Re: Cassandra 3.10 has partial partition key search but does it result in a table scan?

Posted by Jon Haddad <jo...@gmail.com>.
Output from both queries, demonstrating full cluster scans:

https://gist.github.com/rustyrazorblade/c4947fc37da85bca50e08aa1ef3c7a06 <https://gist.github.com/rustyrazorblade/c4947fc37da85bca50e08aa1ef3c7a06>

Jon

> On May 9, 2017, at 9:24 AM, Jon Haddad <jo...@gmail.com> wrote:
> 
> Nope, I didn’t comment on that query.   I specifically answered your question about "select * from hello where a='foo' allow filtering;”
> 
> The query you’ve listed here looks like it would also do a full table scan (again, I don’t see how it would be avoided).
> 
> I recommend firing up a 3 node cluster using CCM, creating a key space with RF=1, and seeing what it does.  
> 
>> On May 9, 2017, at 9:12 AM, Kant Kodali <kant@peernova.com <ma...@peernova.com>> wrote:
>> 
>> Hi,
>> 
>> Are you saying The following query select max(b) from hello where a='a1' allow filtering; doesn't result in a table scan? I got the result for this query and yes I just tried tracing it and looks like it is indeed doing a table scan on ReadStage-2 although I am not sure if I am interpreting it right? Finally is there anyway to prevent table scan while providing the partial partition key and get the max b ?
>> 
>> <Screen Shot 2017-05-09 at 7.07.46 AM.png>
>> ​
>> 
>> 
>> On Tue, May 9, 2017 at 6:33 AM, Jon Haddad <jonathan.haddad@gmail.com <ma...@gmail.com>> wrote:
>> I don’t see any way it wouldn’t.  Have you tried tracing it?
>> 
>> > On May 9, 2017, at 8:32 AM, Kant Kodali <kant@peernova.com <ma...@peernova.com>> wrote:
>> >
>> > Hi All,
>> >
>> > It looks like Cassandra 3.10 has partial partition key search but does it result in a table scan? for example I can have the following
>> >
>> > create table hello(
>> > a text,
>> > b int,
>> > c text,
>> > d text,
>> > primary key((a,b), c)
>> > );
>> >
>> > Now I can do select * from hello where a='foo' allow filtering;// This works in 3.10 but I wonder if this query results in table scan and if so is there any way to limit such that I get max b?
>> >
>> > Thanks!
>> 
>> 
> 


Re: Cassandra 3.10 has partial partition key search but does it result in a table scan?
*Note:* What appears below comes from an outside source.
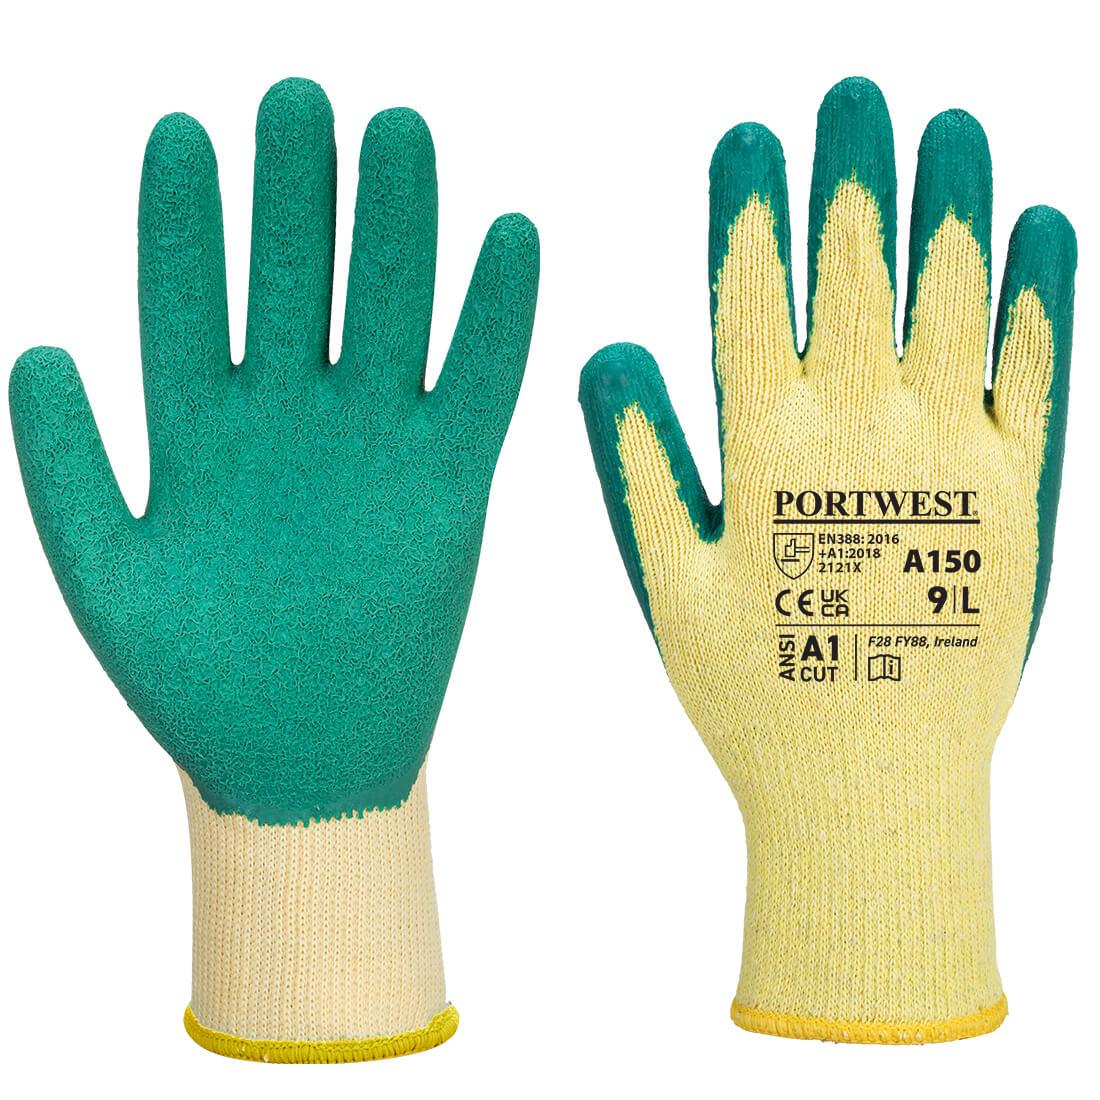 Portwest Classic Grip Glove - Latex

Posted by Jon Haddad <jo...@gmail.com>.
Nope, I didn’t comment on that query.   I specifically answered your question about "select * from hello where a='foo' allow filtering;”

The query you’ve listed here looks like it would also do a full table scan (again, I don’t see how it would be avoided).
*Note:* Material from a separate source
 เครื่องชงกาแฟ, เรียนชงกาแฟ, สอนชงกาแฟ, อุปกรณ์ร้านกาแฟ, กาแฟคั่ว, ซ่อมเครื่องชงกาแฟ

I recommend firing up a 3 node cluster using CCM, creating a key space with RF=1, and seeing what it does.  

> On May 9, 2017, at 9:12 AM, Kant Kodali <ka...@peernova.com> wrote:
> 
> Hi,
> 
> Are you saying The following query select max(b) from hello where a='a1' allow filtering; doesn't result in a table scan? I got the result for this query and yes I just tried tracing it and looks like it is indeed doing a table scan on ReadStage-2 although I am not sure if I am interpreting it right? Finally is there anyway to prevent table scan while providing the partial partition key and get the max b ?
> 
> <Screen Shot 2017-05-09 at 7.07.46 AM.png>
> ​
> 
> 
> On Tue, May 9, 2017 at 6:33 AM, Jon Haddad <jonathan.haddad@gmail.com <ma...@gmail.com>> wrote:
> I don’t see any way it wouldn’t.  Have you tried tracing it?
> 
> > On May 9, 2017, at 8:32 AM, Kant Kodali <kant@peernova.com <ma...@peernova.com>> wrote:
> >
> > Hi All,
> >
> > It looks like Cassandra 3.10 has partial partition key search but does it result in a table scan? for example I can have the following
> >
> > create table hello(
> > a text,
> > b int,
> > c text,
> > d text,
> > primary key((a,b), c)
> > );
> >
> > Now I can do select * from hello where a='foo' allow filtering;// This works in 3.10 but I wonder if this query results in table scan and if so is there any way to limit such that I get max b?
> >
> > Thanks!
> 
> 


Re: Cassandra 3.10 has partial partition key search but does it result in a table scan?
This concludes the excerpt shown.